時速 40km で走り、指定場所でブレーキをかけて 11m 以内に止まる。 はじめはタイヤがロックしてすっ転ぶことを恐れて指定場所より前にブレーキをかけ始めてしまっていたが、慣れてくると意外と止まれることに気づいてブレーキ開始も粘れるようになった。 いきなりガツンとブレーキをかけるのではなく、徐々にジワっとかけることを意識すればなんとかなる(適当)。

坂道発進

上り坂で止まり、スロットルを開けつつクラッチを徐々に繋いで発進する。 初めは少しスロットルをひねるとエンジンの回転数が急激に上がる様子にビックリしてしまっていたが、重要なのは回転数ではなくクラッチの扱いであると指導を受けてからはすんなりできるようになった。

卒業検定

延べ 17 時間に渡る教習を受けた後、卒業検定に臨んだ。本来は 8 月 13 日に受けるつもりだったが、台風による大雨と強風が予想されたので翌日に延ばしてもらった。

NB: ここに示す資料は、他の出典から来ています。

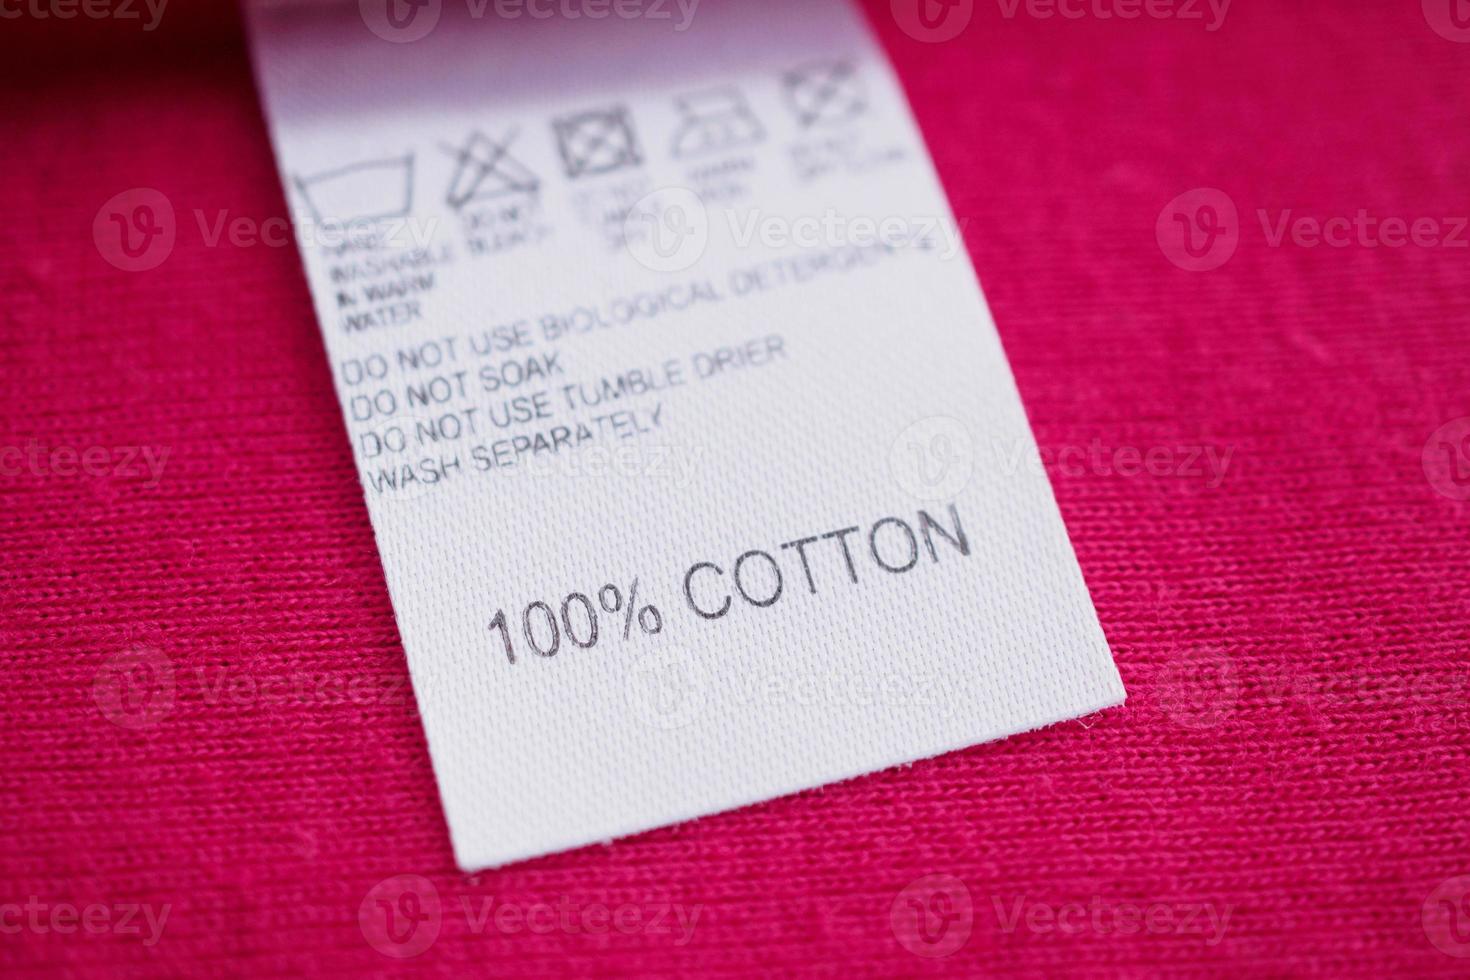 instruções de lavagem de roupas brancas etiqueta de roupas na camisa de algodão vermelha foto

本番は多少緊張したが、特に問題が起きることなく切り抜けることができた。教習中には一本橋から落ちることが何回かあったので不安だったが、なんとか落ちずに済んだ。

合格証書をもらい、茨城町の免許センターに行って発行を受けた。学科試験は免除で朝早く行く必要がなかったので、わかば号ではなく TM ライナーを利用した。

「普自二」が追加された免許証

結び

教習期間は夏本番だったので、とても気温が高くて大変だった。長袖長ズボンにプロテクター着用を義務付けられていたし、バイク自体も熱を発するので灼熱地獄だった。

何はともあれ免許をゲットできたので、今後はより大きいバイクに乗り換えて快適な移動を行いたい。

余談

免許を発行したのが私の誕生日の前日であった。 免許の有効期限は発行日から数えて 3 回目の誕生日の 1 ヶ月後であるから、私の免許証の有効期限は理論上最も短くなってしまったのである。 これに気づいたのは発行申請のときに窓口のおじさんに指摘されてからであり、わざわざ出直すのも面倒だったのでそのまま発行してもらった。

これに関しては、そのうち別の免許を取る予定なので気にしないことにしている。